The second part of the bipartite transatlantic symposium "Vladimir Nabokov and Translation" will take place in Chapel Hill, North Carolina, USA, on October 27-28 in Room 3009 of the FedEx Global Education Center on the University of North Carolina at Chapel Hill campus (301 Pittsboro St, Chapel Hill, NC 27516). The conference venue is provided by the UNC-CH Center for Slavic, East European, and Eurasian Studies (CSEES).
SATURDAY, OCTOBER 27
9:30-10:30 AM • Coffee, Registration, and Opening Remarks
Julie Loison-Charles and Stanislav Shvabrin
10:50 AM -12:20 PM PANEL I: BEYOND TRANSLATION
Chair: Stephen H. Blackwell (University of Tennessee-Knoxville)
Léopold REIGNER (Université de Rouen, France)
“On Marx’s Flaubert: Nabokov and the Art of Correction”
Paul Benedict GRANT (Memorial University, Canada)
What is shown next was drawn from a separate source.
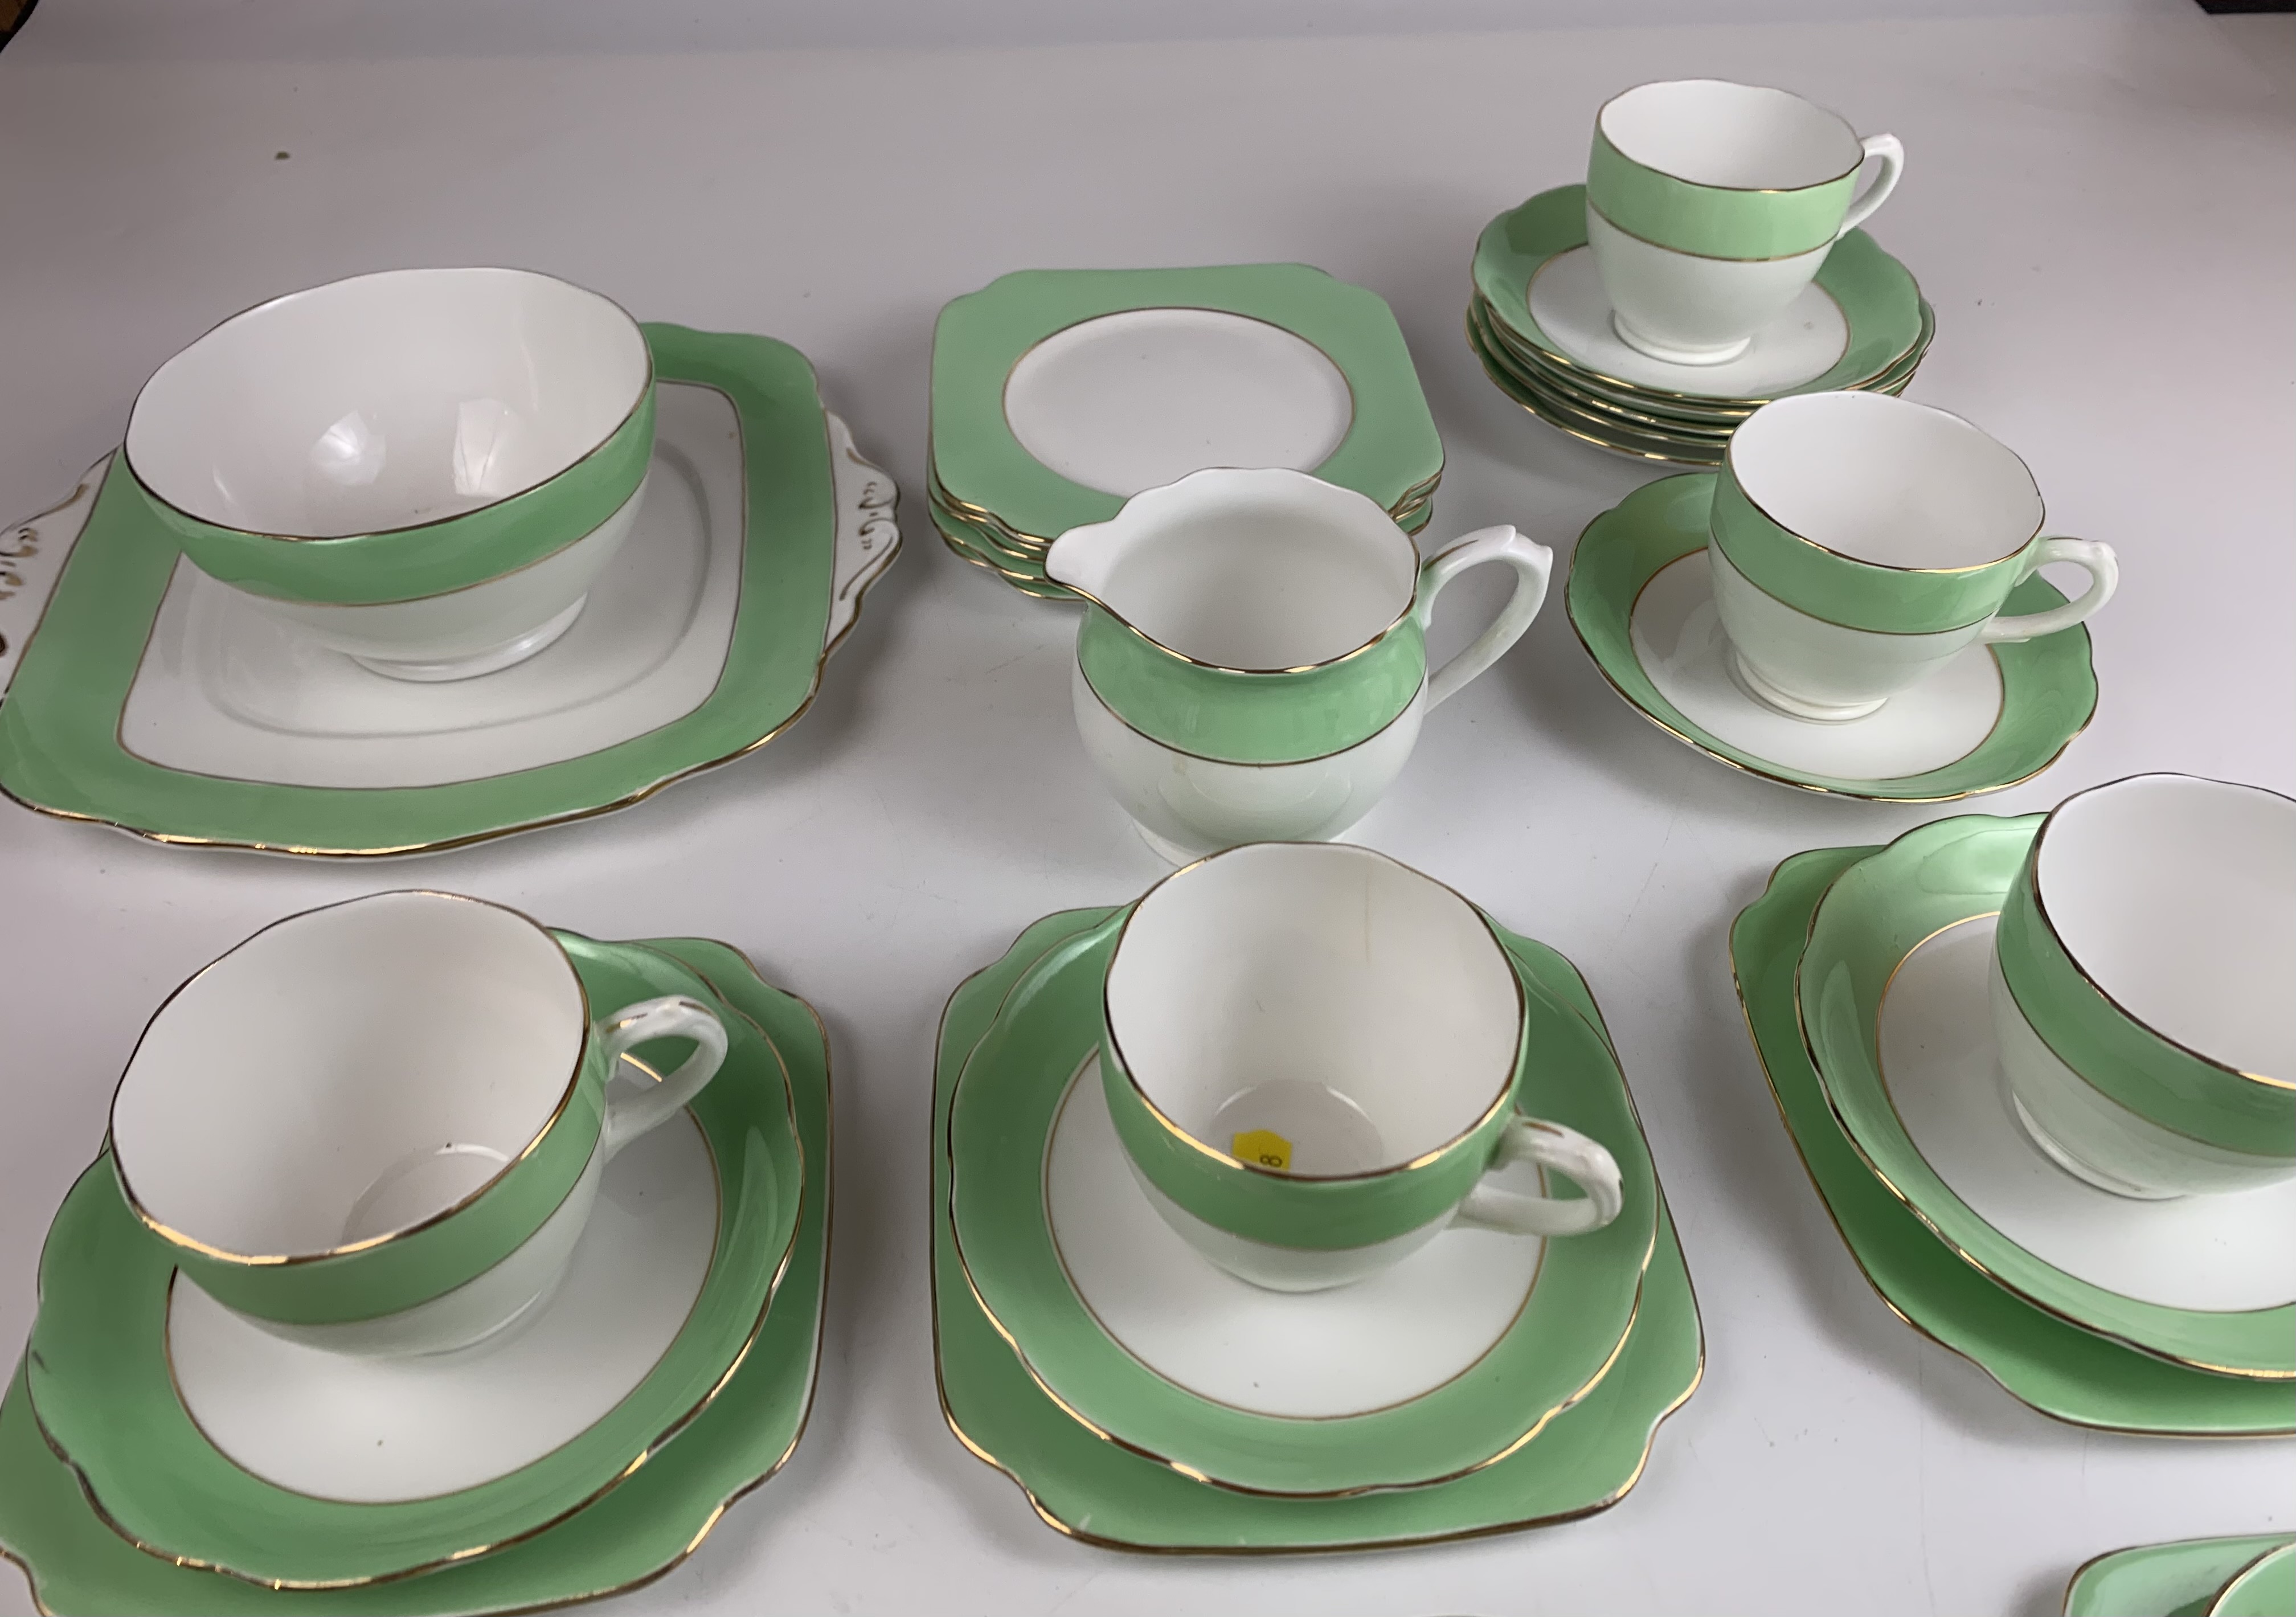 34 piece English Bone China tea service comprising 8 cups, 12 saucers, 11 side plates, 1 sandwich - Image 3 of 4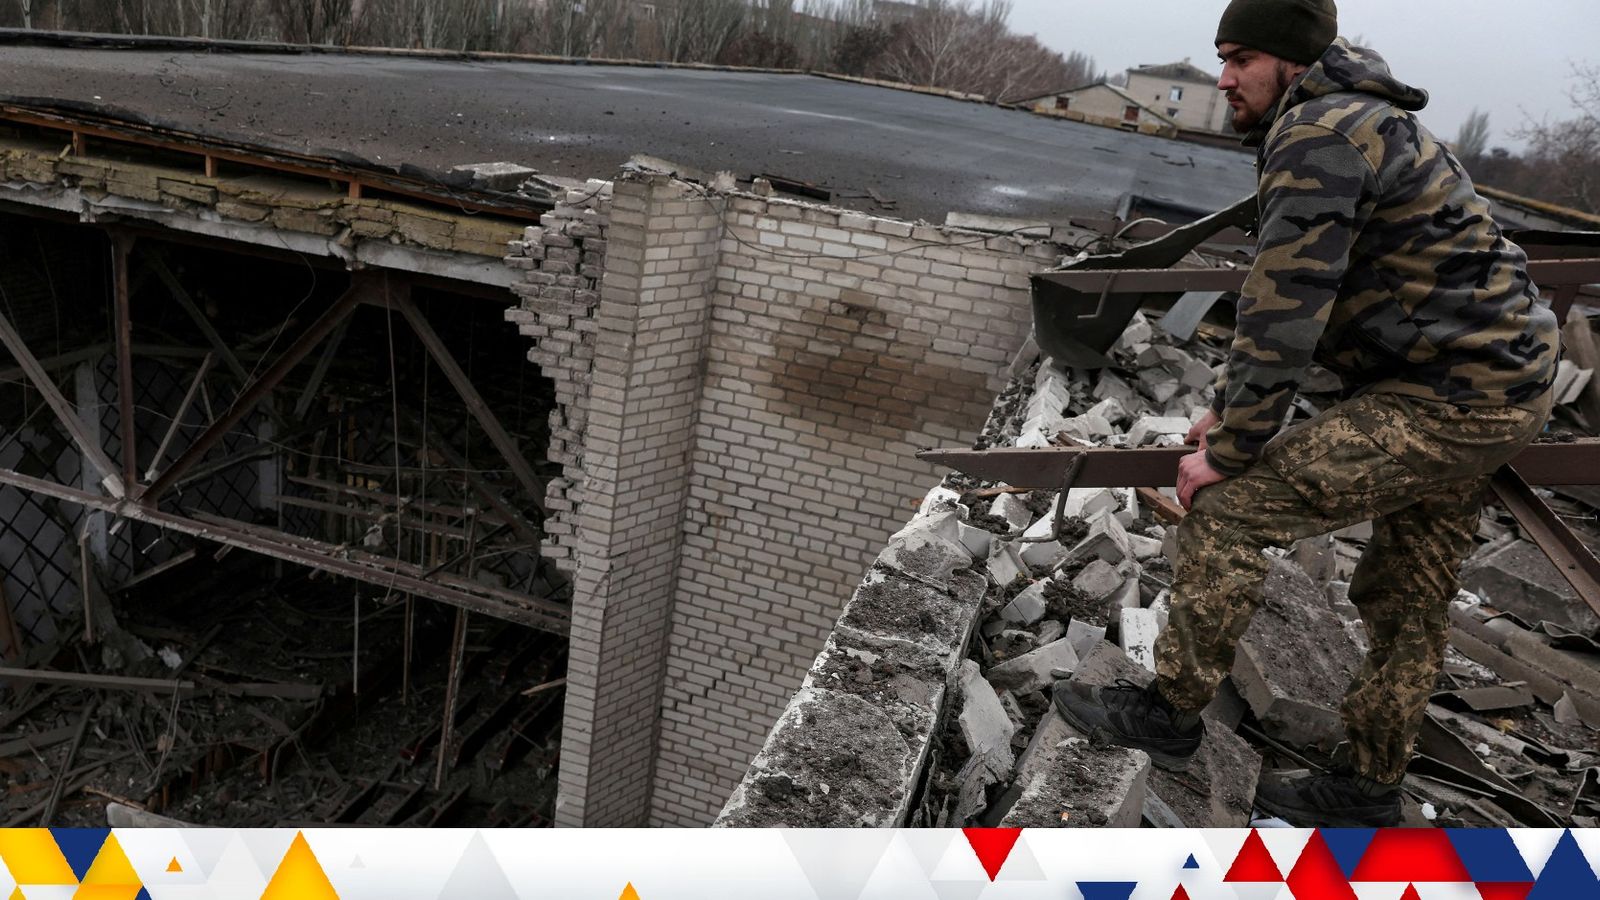 ‘Children’s torture chamber’ uncovered in Kherson; Russian army forms ‘creative brigade’ to support soldiers | War latest

“Howlers, Hobbes, Hubris—Nabokov’s Satirical Scholarship”
Julia TRUBIKHINA (Hunter College, CUNY)
“Translation and Performativity: Vladimir Nabokov’s Paratexts”
2:00-4:00 PM • PANEL II: TRANSLATION IN VLADIMIR NABOKOV’S OEUVRE
Chair: Carol Apollonio (Duke University)
Morgane ALLAIN-ROUSSEL (Société Française Vladimir Nabokov, France)
“Traduire le traducteur: de la représentation du traducteur embusqué dans son œuvre au style du traducteur, le cas Nabokov”
Sean DILEONARDI (UNC-Chapel Hill)
“‘Certain Elaborate Machines’: Nabokov’s Digital Contemporaries”
Tatyana GERSHKOVICH (Carnegie Mellon University)
“From Blind Intuition to Creative Compulsion: Aesthetic Transgressions in Camera Obscura and Laughter in the Dark”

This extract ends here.